The name of this disease describes the multiple presence of indurations (= scleroses) in the central nervous system. This is a chronic, progressive inflammatory CNS disease that harms the myelin sheath and the nerve cells.

MS is the most common inflammatory disease of the brain and spinal cord. It has a frequency of approximately 1:1000 in the EU and the U.S. For example, about 2,500 patients in Germany are diagnosed with this disease every year. Most of these patients are very young (20 to 30 years old) and are in a phase of their lives in which chronic diseases are far removed from daily life.

MS is one of the most common causes of long-term disability in young patients, with women being affected 2 to 3 times more frequently. It is an extreme burden for many previously healthy patients to be faced with a MS diagnosis. The conversation with the patient should therefore be both empathetic and informative.

Etiological and Histopathological Traits of MS

MS is a multifactorial disease. Unfortunately, its exact cause is still unknown, but genetic factors, environmental influences and auto-immunity are assumed to cause the symptoms.

Genetic Factors of Multiple Sclerosis

There is not yet any specific inherited gene that can be deemed the cause of MS, but there are likely polygenetic influences. Especially changes of the MHC class II can be associated with 2 to 4 times the risk of acquiring the disease. Interleukin receptor polymorphism also appears to increase the risk (Compston & Coles, 2002). For instance, the genetic component can be seen in the increased risk of the disease appearing in children of afflicted parents. These children are 20 times more likely to be affected.

Environmental Factors of Multiple Sclerosis

When observing an epidemiological map of the world, the distribution of the disease makes it apparent that prevalence of MS increases with the distance from the Equator. The U.S., Central Europe, and New Zealand have a prominently high prevalence. Given this information, the different level of sun exposure, smoking, EBV infection, and humane herpes virus 6 have been often discussed.

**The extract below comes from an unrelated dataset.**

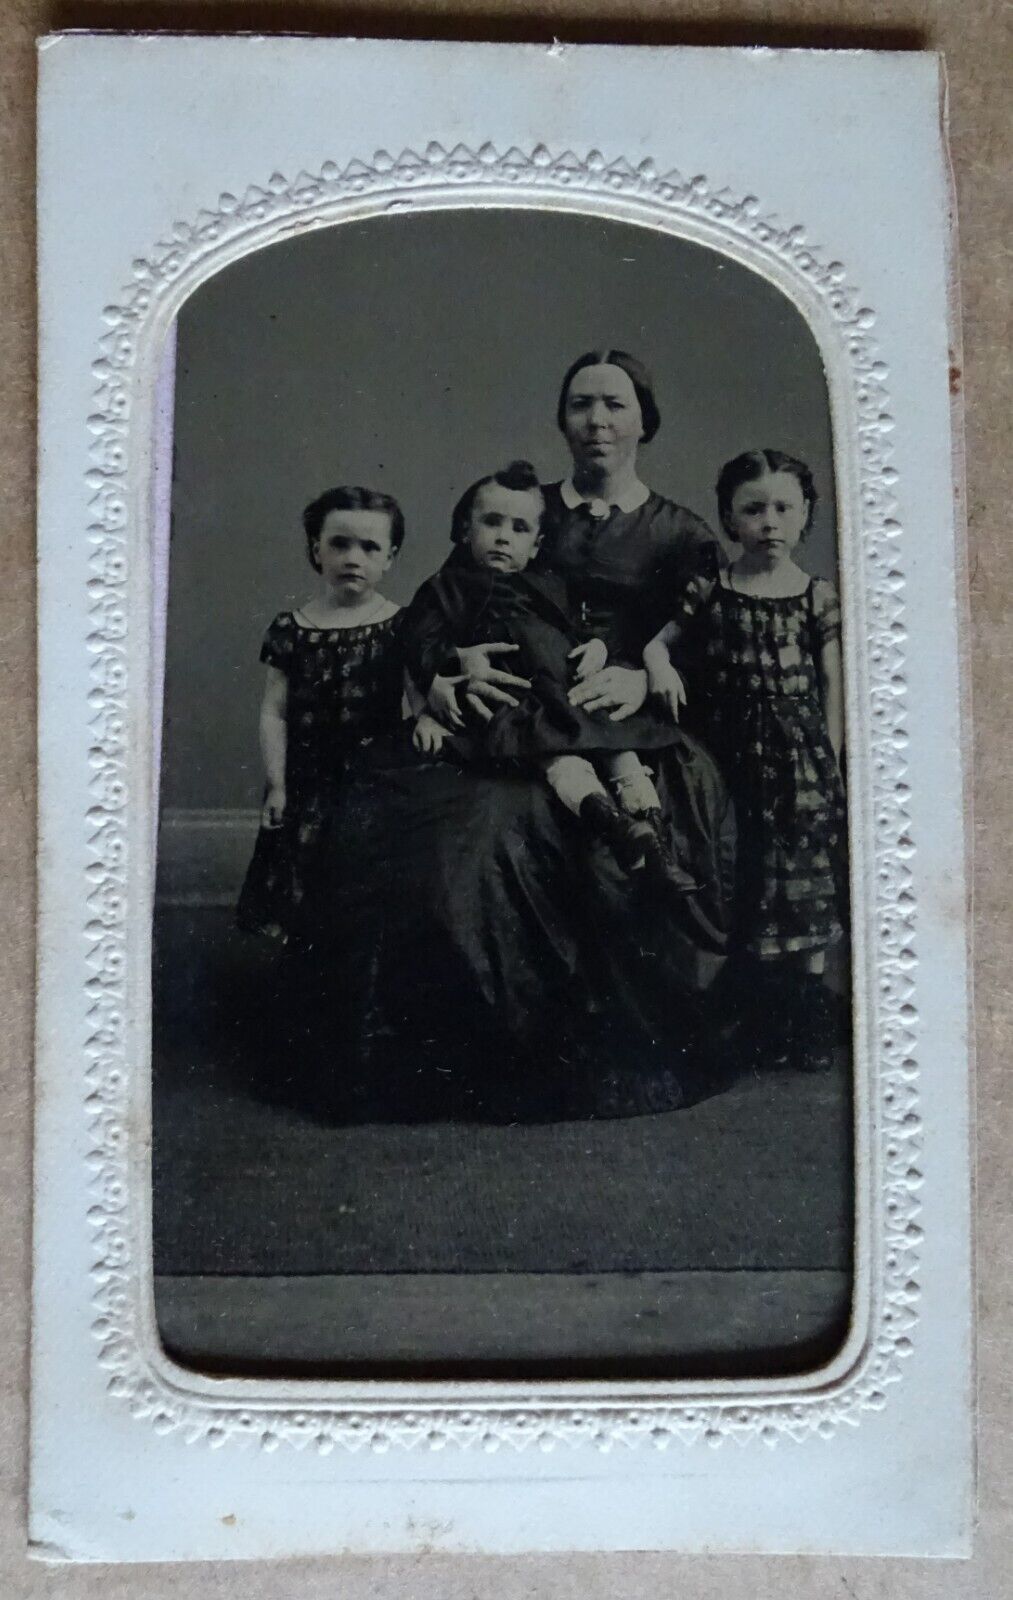 Tintype Photograph of the Powers Family (from Boston/New Hampshire area) tinted
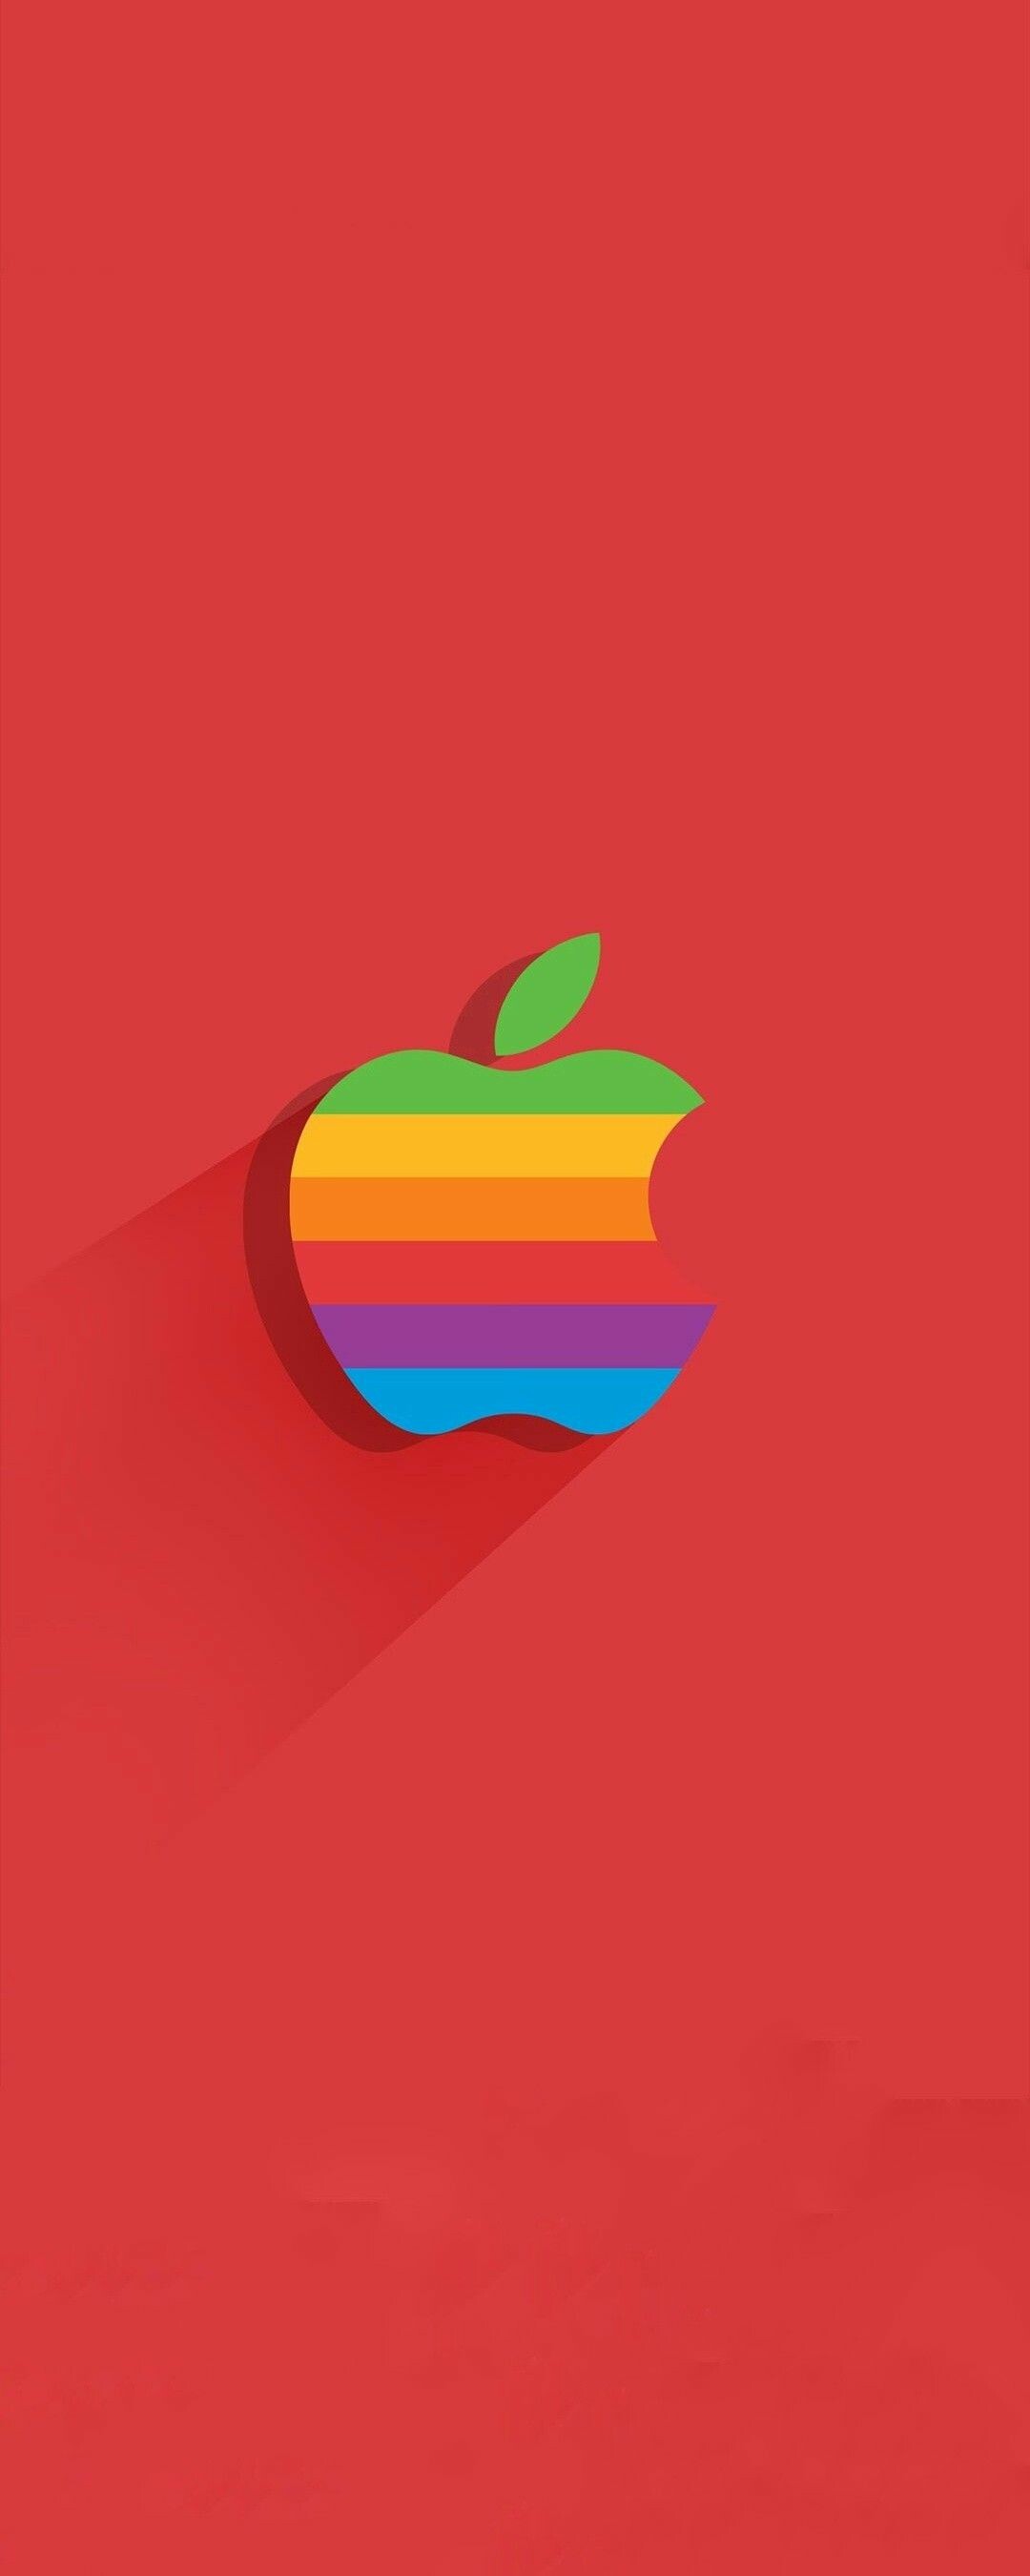 Apple Logo: Ranked as one of the world's most valuable brands, Rainbow logotype, Originated in 1976. 1080x2700 HD Wallpaper.

Interestingly, studies of migratory patterns have revealed that migration from a low-risk area of MS to a high-risk area gave rise to an age-dependent risk adjustment: Migrants under the age of 15 exhibited a higher risk, whereas older migrants did not experience any change in their risk of acquiring MS.

Risk multiple sclerosis

Image: “ This slide shows the global prevalence of multiple sclerosis.” by Dekoder. License: Public Domain

Auto-immune Factors of Multiple Sclerosis

With MS, the immune system attacking the body’s own components refers to a reaction against CNS myelin antigens. This results in a reversible inflammatory reaction with demyelination. If this reaction is strong, the neuronal system experiences axonal damage with subsequent irreversible decay of nerve fibres.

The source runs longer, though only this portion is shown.